Thanks for posting your real example because it is a good message for others to see. Margin rules at the broker can change on very short notice. Risk management when you use margin is very tricky.

Even if a stock is liquid large cap, it's still possible for its marginability to change quickly.

IB does have very cheap margin lending rates but they're also known for their brutal automatic liquidation in case of margin calls. Sounds like that didn't happen to you, but if you had waited a day longer it likely would have.


----------



## Park (Sep 11, 2010)

Anyone using margin at IB should keep the following in mind. 

http://ibkb.interactivebrokers.com/node/2045

Margin eligibility, of nonUS stocks at IB, appears to be based on the above document. A stock is eligible, if it's part of the FTSE World Index. I found the following about the FTSE World Index:

"The FTSE All-World Index Series is the Large/Mid Cap aggregate of 2,800 stocks from the FTSE Global Equity Index Series. It covers 90-95% of the investable market capitalisation"

A stock can also be included, if certain criteria mentioned in the above link are met. Market cap must be at least $500 million. Median daily trading volume must be at least $500,000 or 100,000 shares. 


When it comes to margin loans, the brokerage is in the driver's seat. Brokerages make it very clear that they can change the rules at any time for any reason with zero notice. You have to trust that the brokerage will treat you well. The best predictor of future behavior is past behavior. My nightmare scenario is a change in margin eligibility during a market downturn, resulting in permanent loss. I've been a good customer for IB; I'm not certain that that's been reciprocated. I'm not certain that I trust IB anymore.

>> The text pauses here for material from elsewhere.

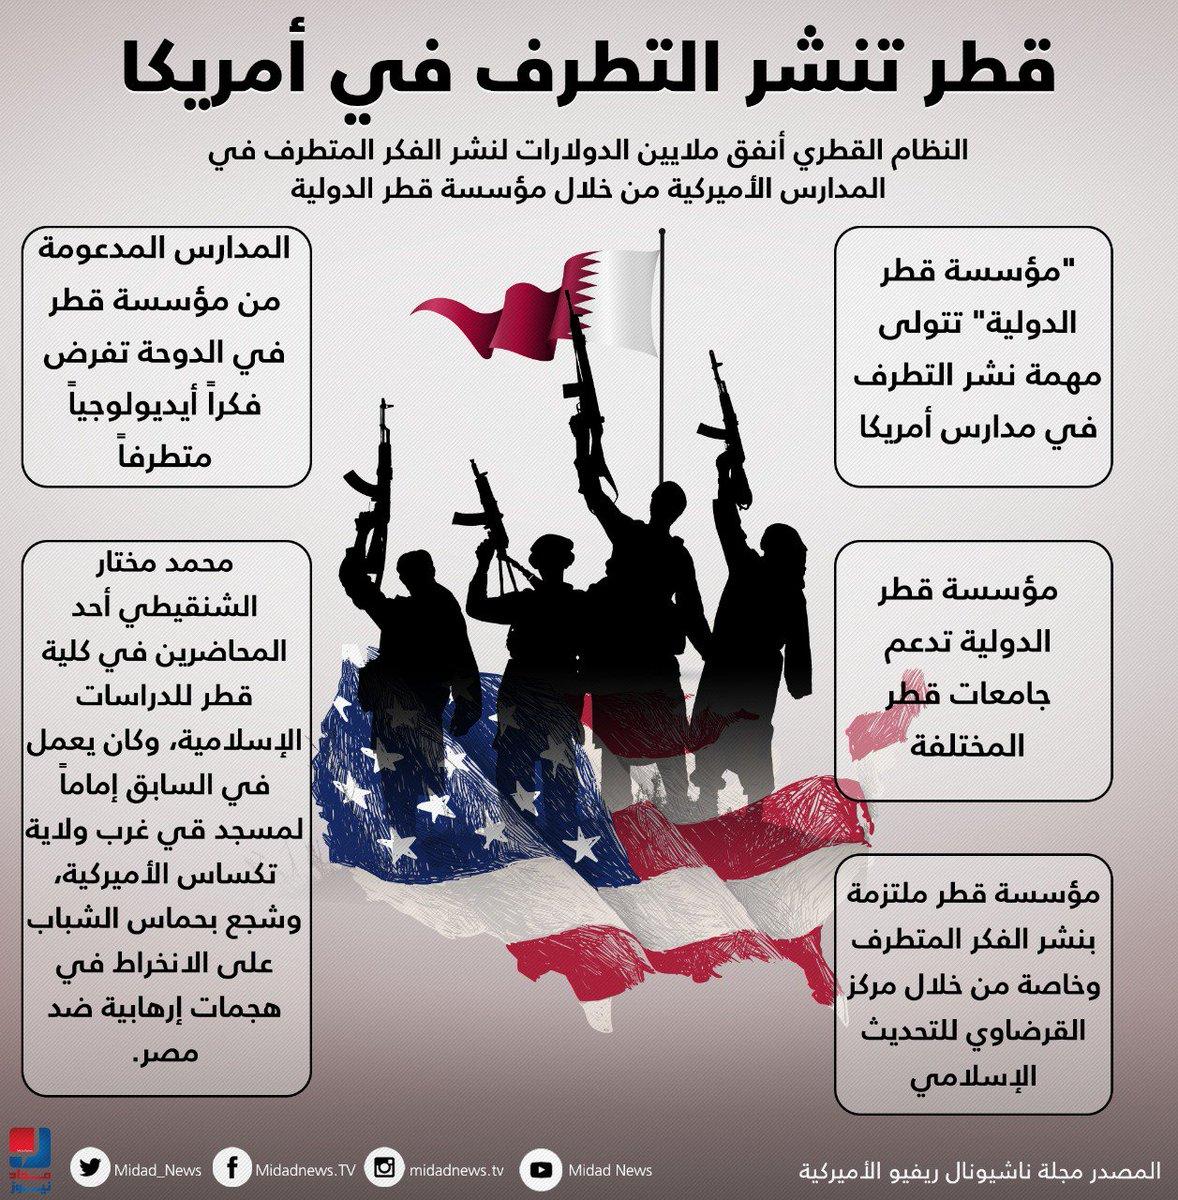 #مداد_نيوز| #قطر تنشر الإرهاب والتطرف في...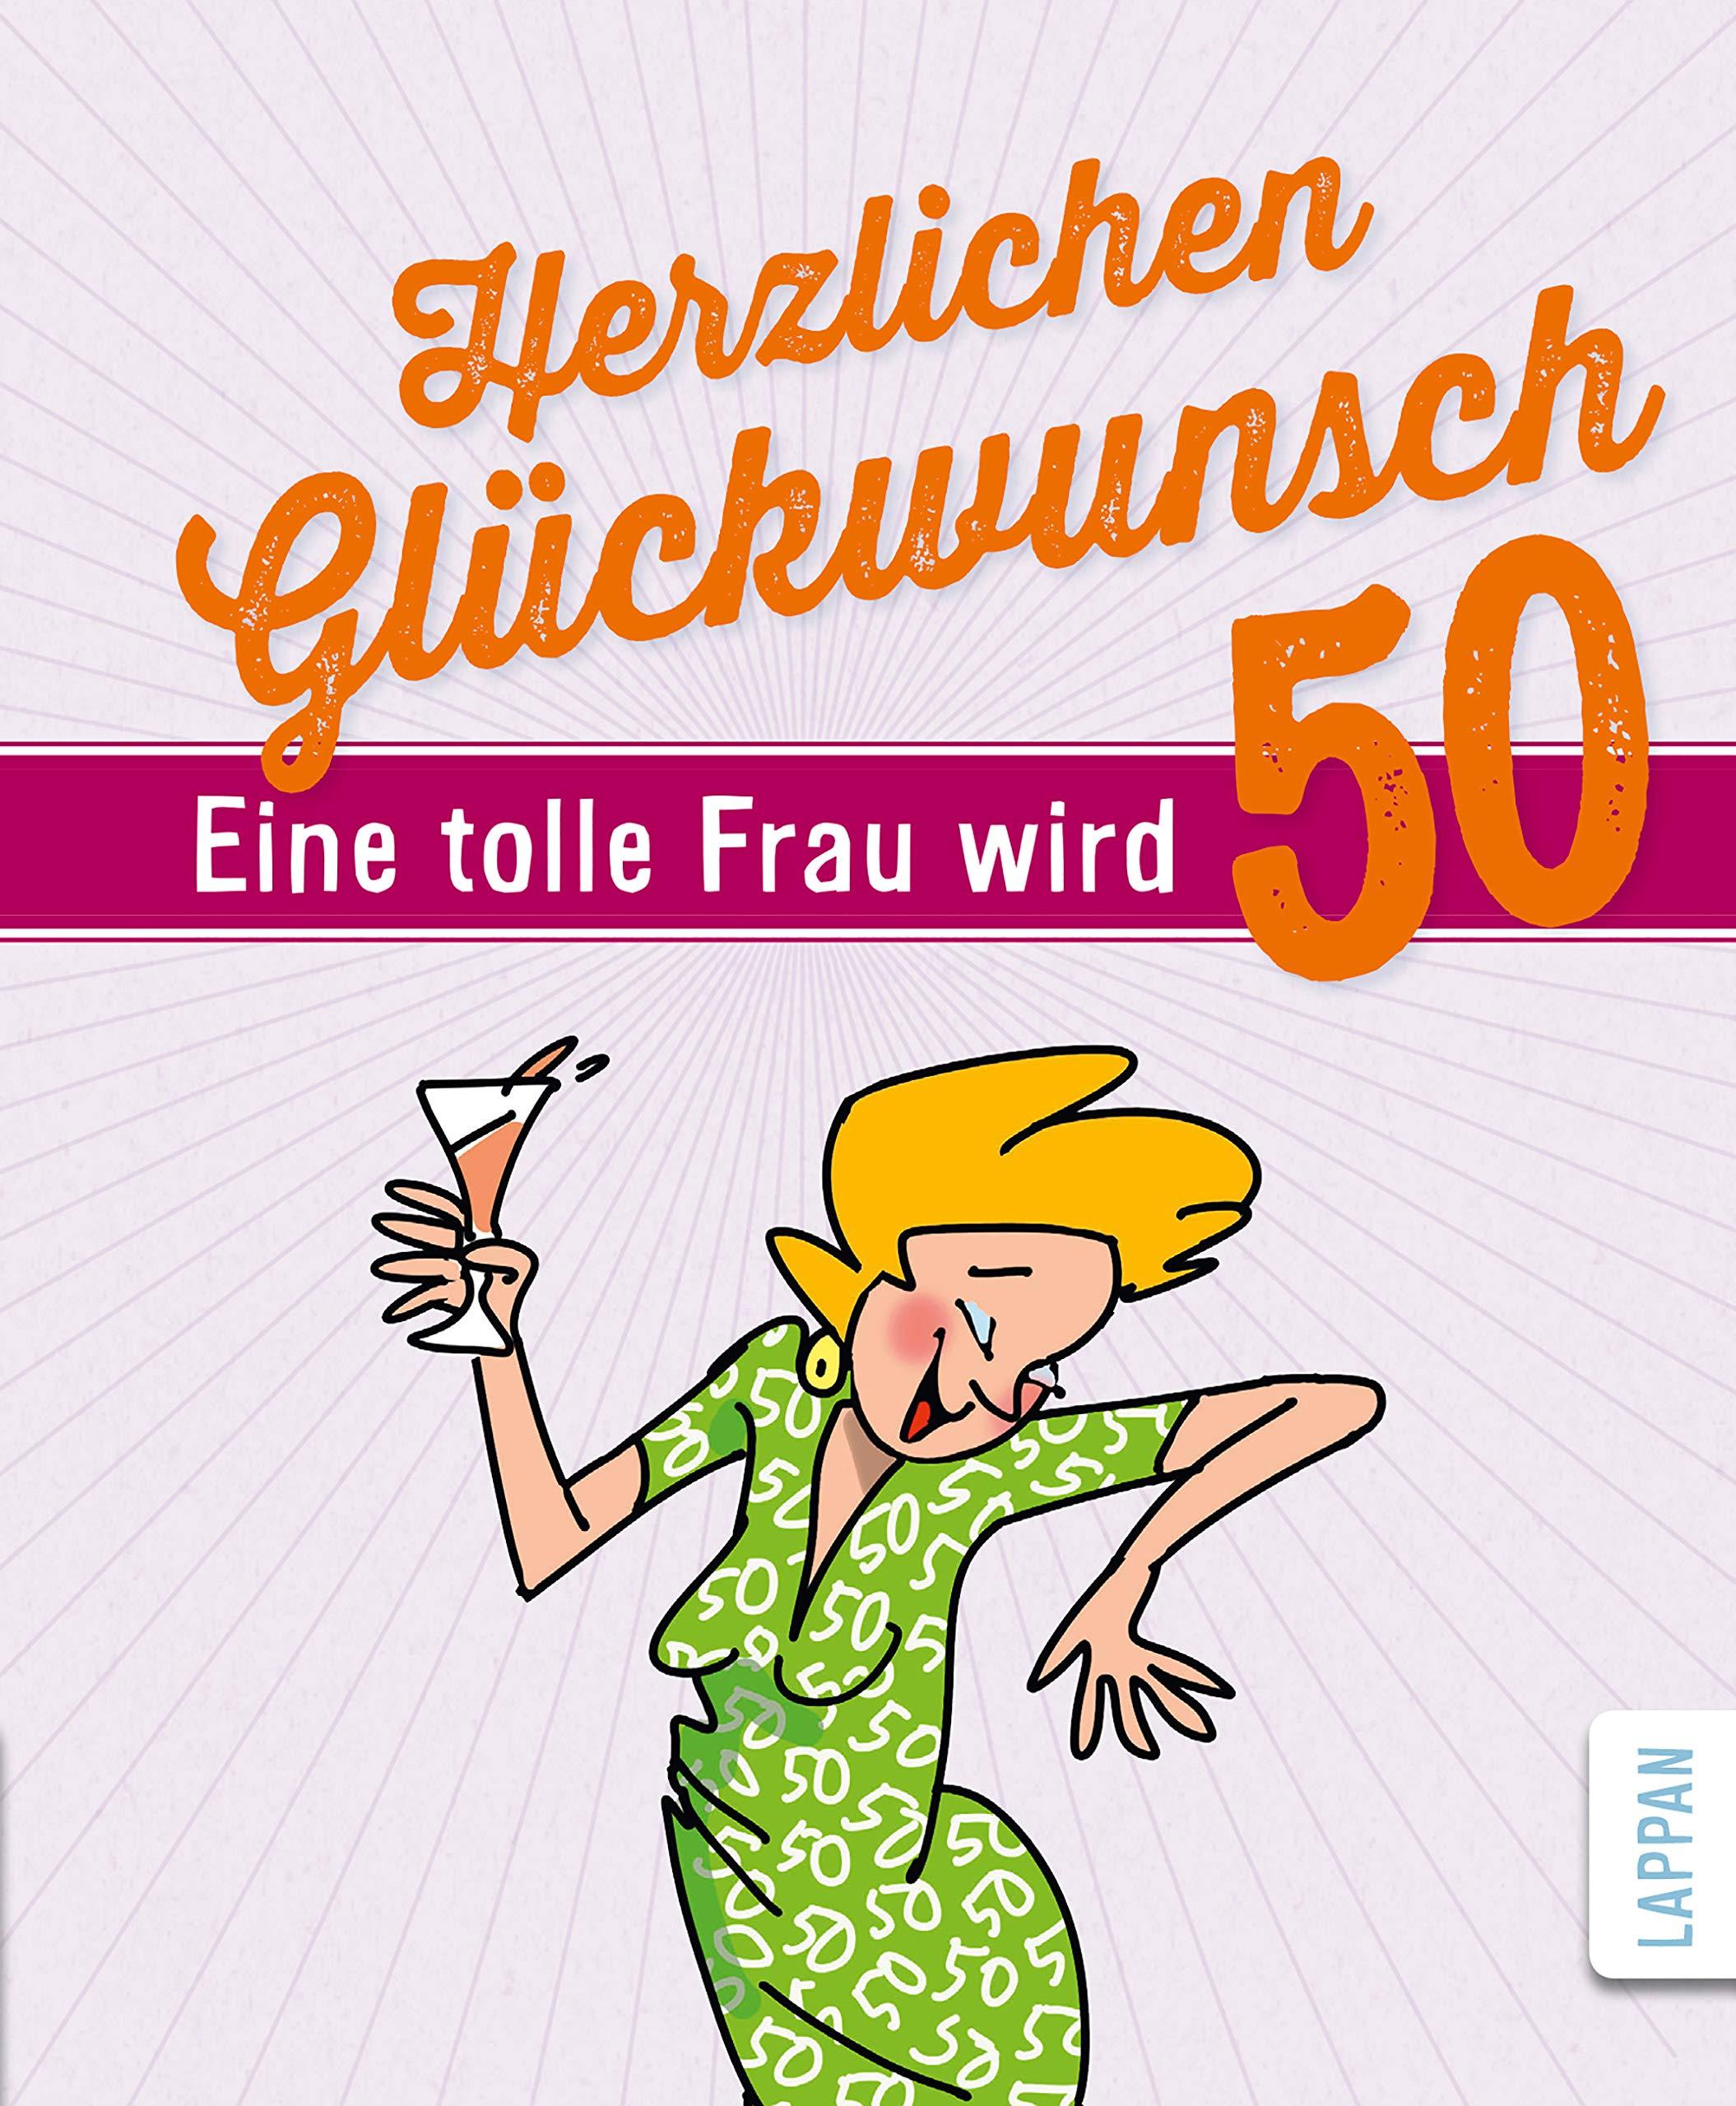 Geburtstag frau wird 50 Geburtstagsreden, lustige

IMO, anyone using margin must be prepared for a 50% market downturn. Since there have been 2 of those in the last 13 years, I would consider 50% a minimum. With that in mind, a market cap of at least $1 billion is needed.

A minimum market cap of $1 billion excludes a lot of Canadian stocks.

My guess is that if one uses a domestic broker, instead of IB, margin eligibility would be much less of a problem.




When it comes to margin loans, the brokerage is in the driver's seat. Brokerages make it very clear that they can change the rules at any time for any reason with zero notice. You have to trust that the brokerage will treat you well. The best predictor of future behavior is past behavior. My nightmare scenario is a change in margin eligibility during a market downturn, resulting in permanent loss. I've been a good customer for IB; I'm not certain that that's been reciprocated. I'm not certain that I trust IB anymore.


----------



## MrMatt (Dec 21, 2011)

Park said:


> When it comes to margin loans, the brokerage is in the driver's seat. Brokerages make it very clear that they can change the rules at any time for any reason with zero notice. You have to trust that the brokerage will treat you well. The best predictor of future behavior is past behavior. My nightmare scenario is a change in margin eligibility during a market downturn, resulting in permanent loss. I've been a good customer for IB; I'm not certain that that's been reciprocated. I'm not certain that I trust IB anymore.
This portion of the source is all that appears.